Brits send around 7 million discarded Christmas trees to landfill every year, according to the shop's website.

Workers from Christmas on The Hill wrap a re-usable rental Christmas tree for a customer, in London, Britain, December 12, 2020. REUTERS/Peter Nicholls

    "It just seemed to tick all the boxes for me, I think it's the way forward," said Pinny Crane, who was out collecting her tree with her nine-year-old daughter Iris.

   The cost of a rental tree was about the same as a cut tree, Slater said, with a 7-foot (2.1-metre) tree coming in at around 76 pounds ($100).

"Logistically, we've got to get them from the farm and back to the farm and they've got to be looked after year as well.

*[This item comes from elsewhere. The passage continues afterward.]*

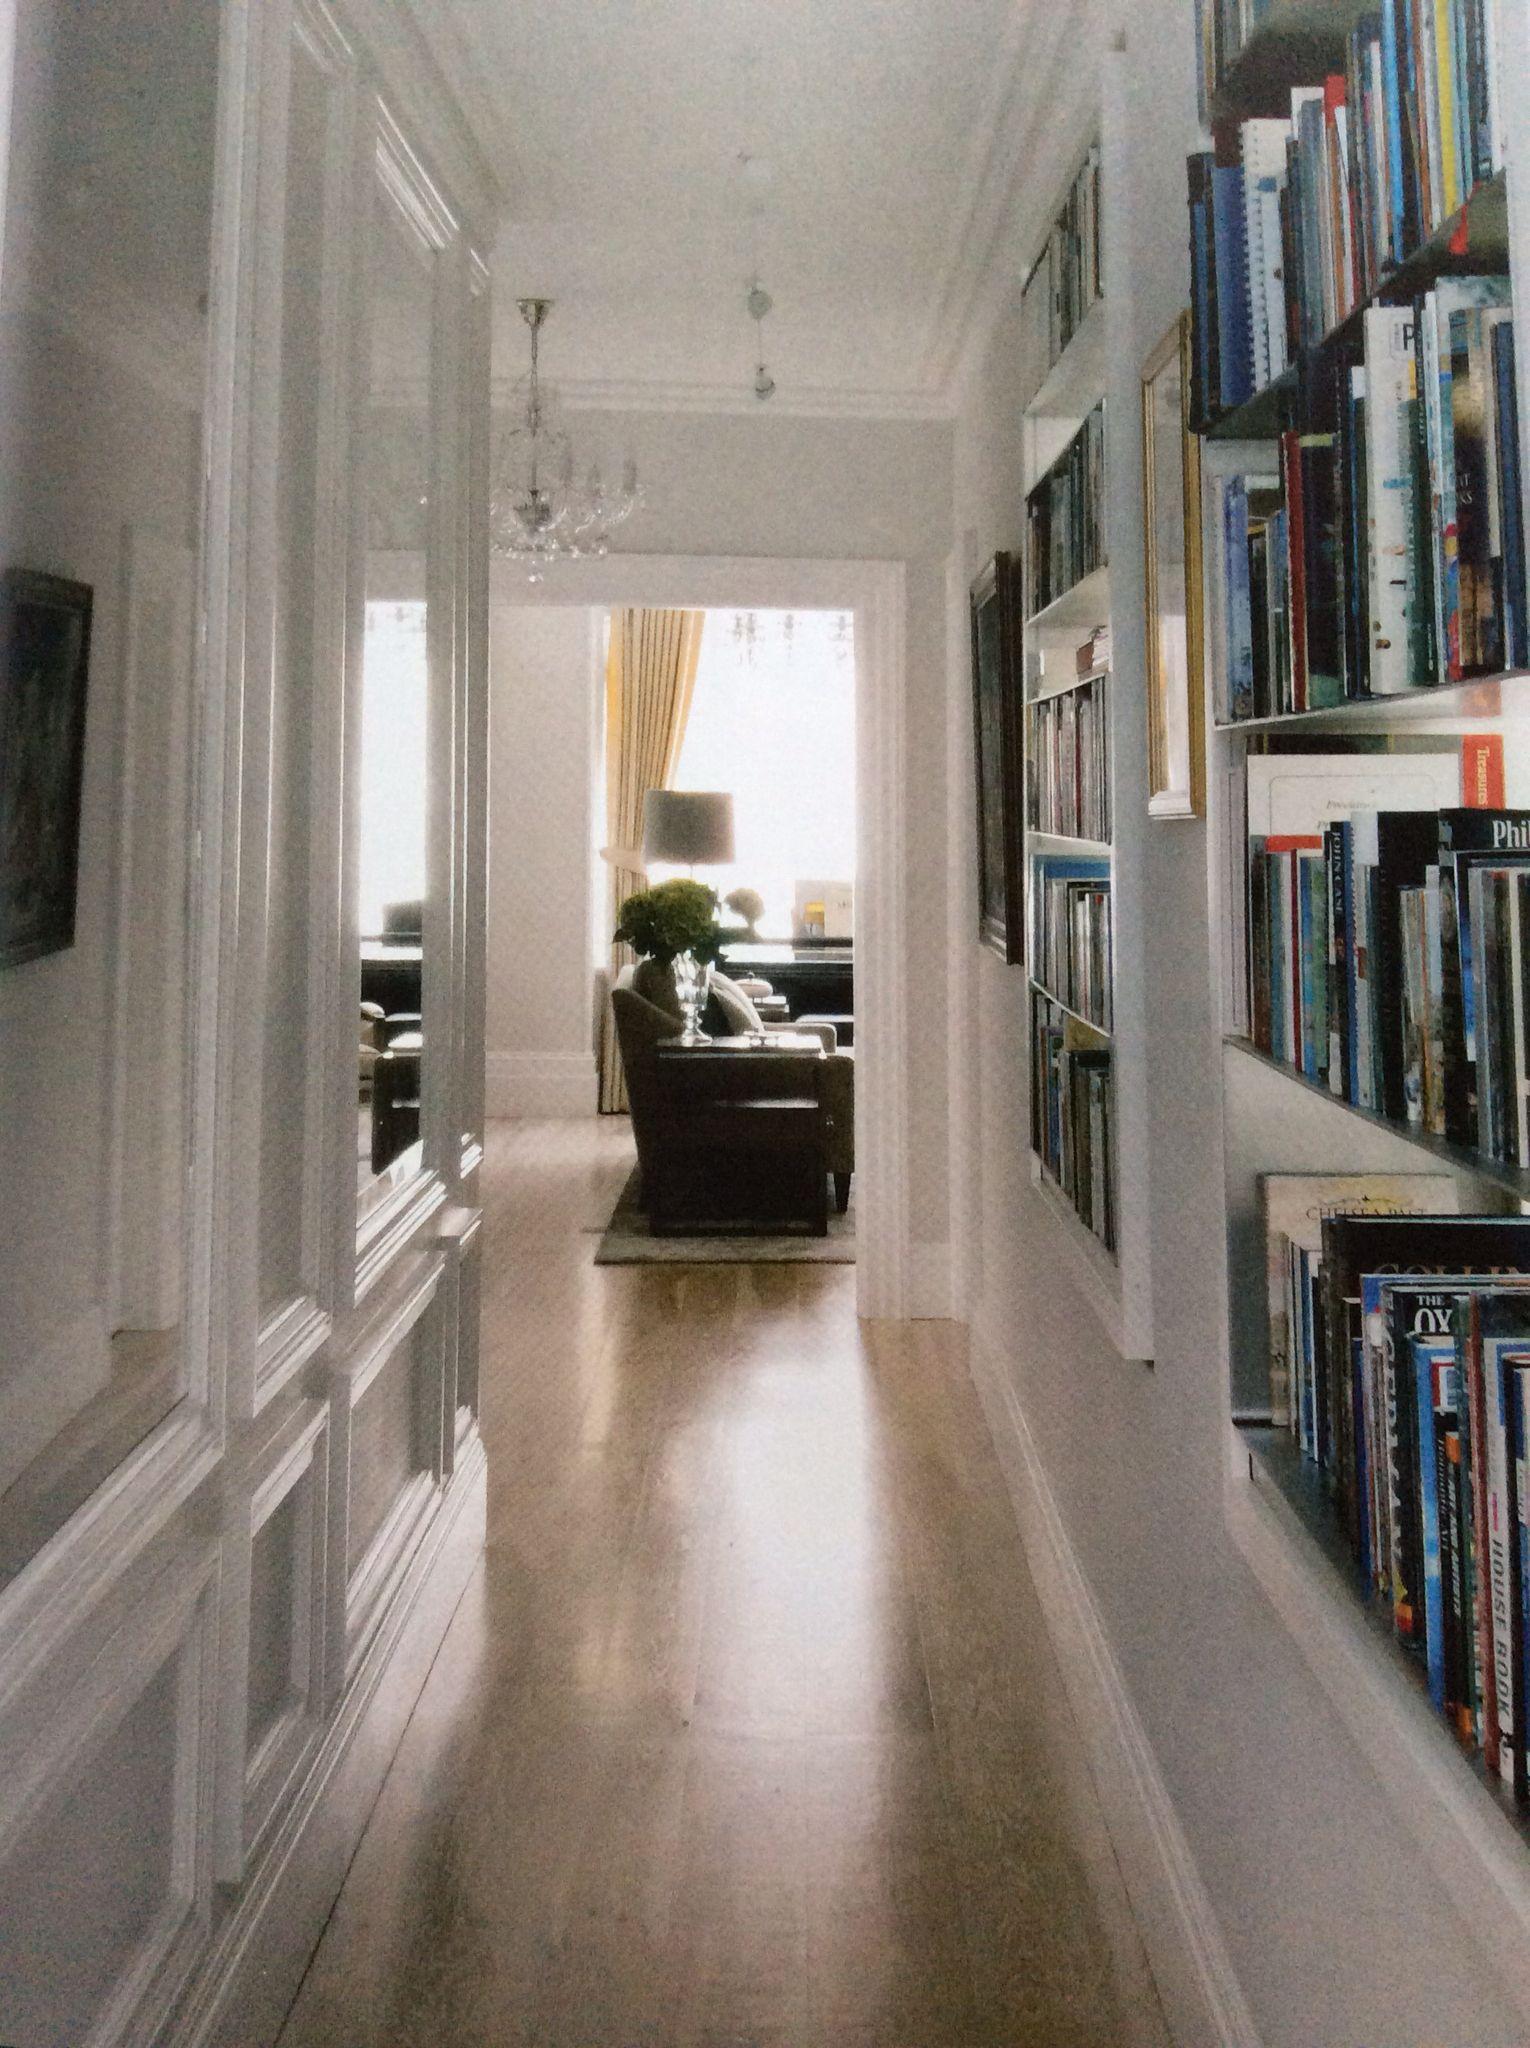 Hol z książkami i lustra atelier pinterest

So unfortunately, they're not any cheaper than a cut tree," Slater said.

Customers of Christmas on The Hill carry their rented Christmas tree in London, Britain, December 12, 2020. REUTERS/Peter Nicholls

Norway spruce trees grow about a foot (30 cm) each year and they can happily live in a pot for about seven years before their roots are too big and they have to be retired from the rental game and planted in the ground. 

    When kept in a home, Slater said they need a pint of water every day and have to be kept away from radiators or fires.

    Happy customers Pinny and Iris named their tree "Geoffrey" and decorated him the same day.

A label informing the renter that a Christmas tree is seven years old is seen on a tree at Christmas on The Hill in London, Britain, December 12, 2020. REUTERS/Peter Nicholls

    "I think it's a lot better than having a dead Christmas tree or a plastic one," Iris said in a video they filmed at home.